▸ Exercise:
The lines to reproduce from the material below are those from the one containing "The bonsai LEGO set" through the one containing "api-ms-win-core-file-l1-2-1.dll 文件丢失？。 适用于", both included; write them out exactly and add nothing.

━━━━━ Dataset content

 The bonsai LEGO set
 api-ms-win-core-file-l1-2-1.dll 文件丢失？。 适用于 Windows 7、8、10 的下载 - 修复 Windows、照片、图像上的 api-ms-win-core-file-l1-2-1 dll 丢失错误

━━━━━━━━━━
━━━━━ Dataset content

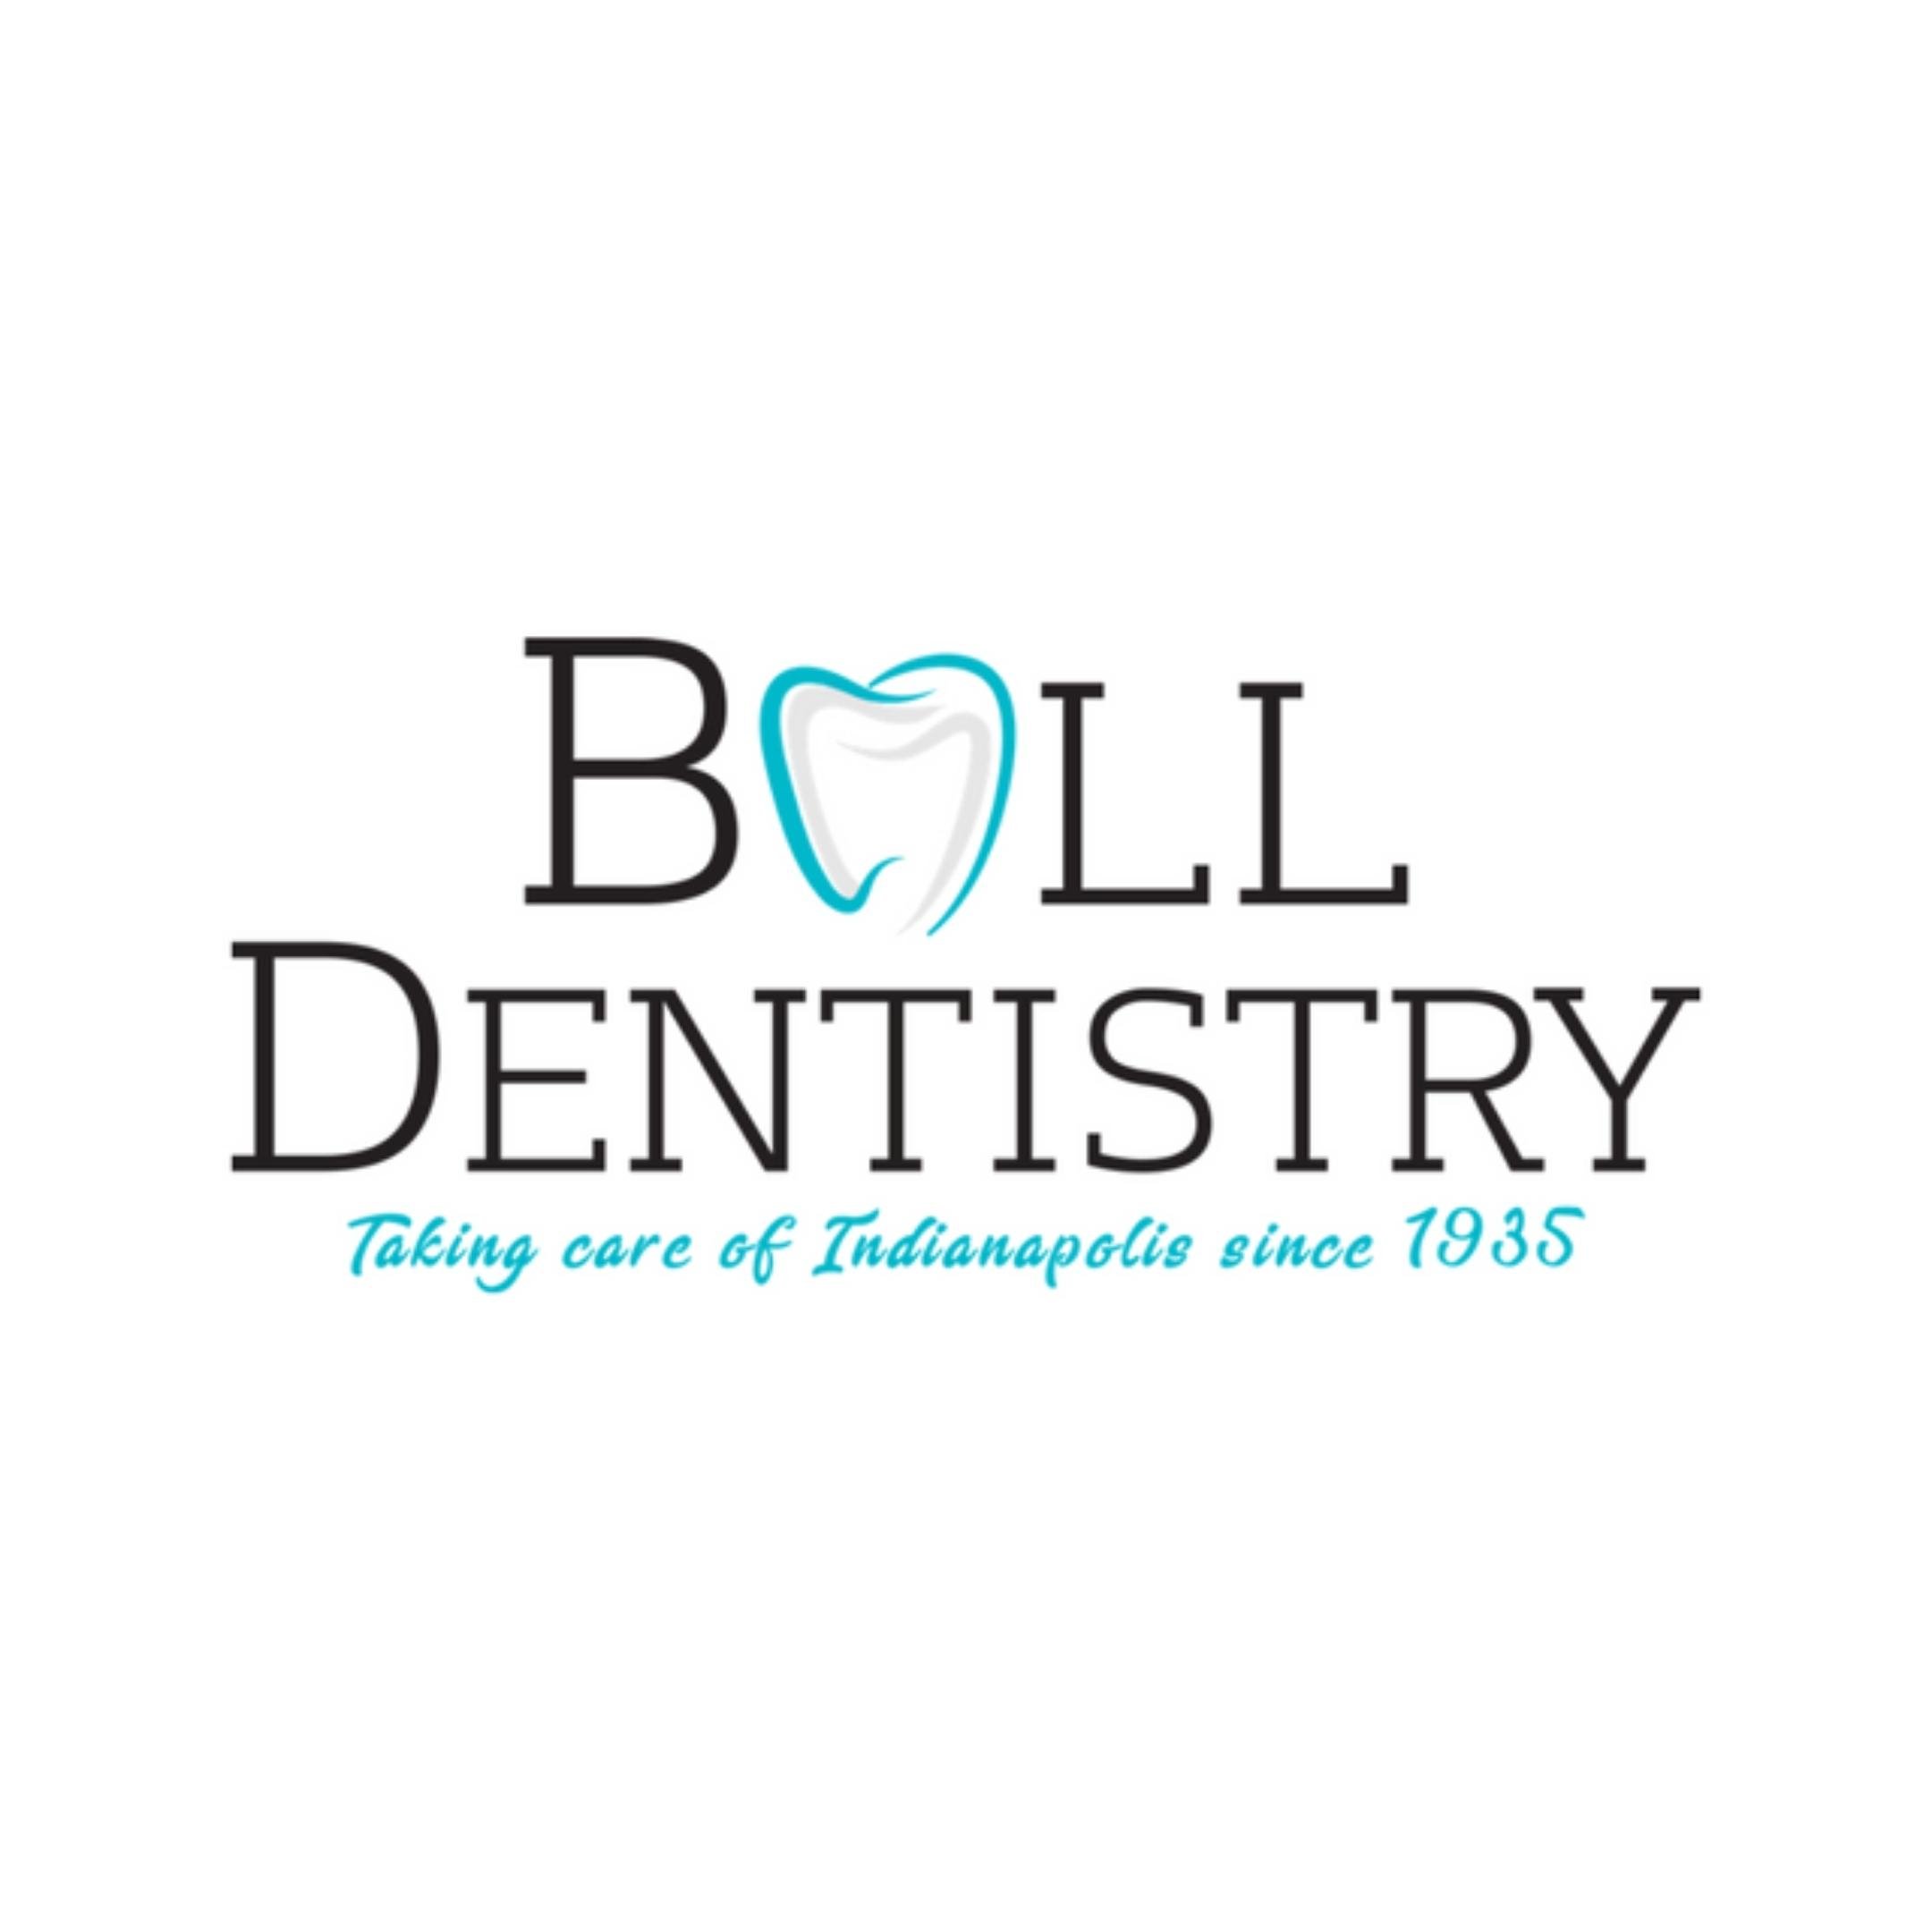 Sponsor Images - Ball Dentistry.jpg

━━━━━━━━━━

▸ Response area:
 The bonsai LEGO set
 api-ms-win-core-file-l1-2-1.dll 文件丢失？。 适用于 Windows 7、8、10 的下载 - 修复 Windows、照片、图像上的 api-ms-win-core-file-l1-2-1 dll 丢失错误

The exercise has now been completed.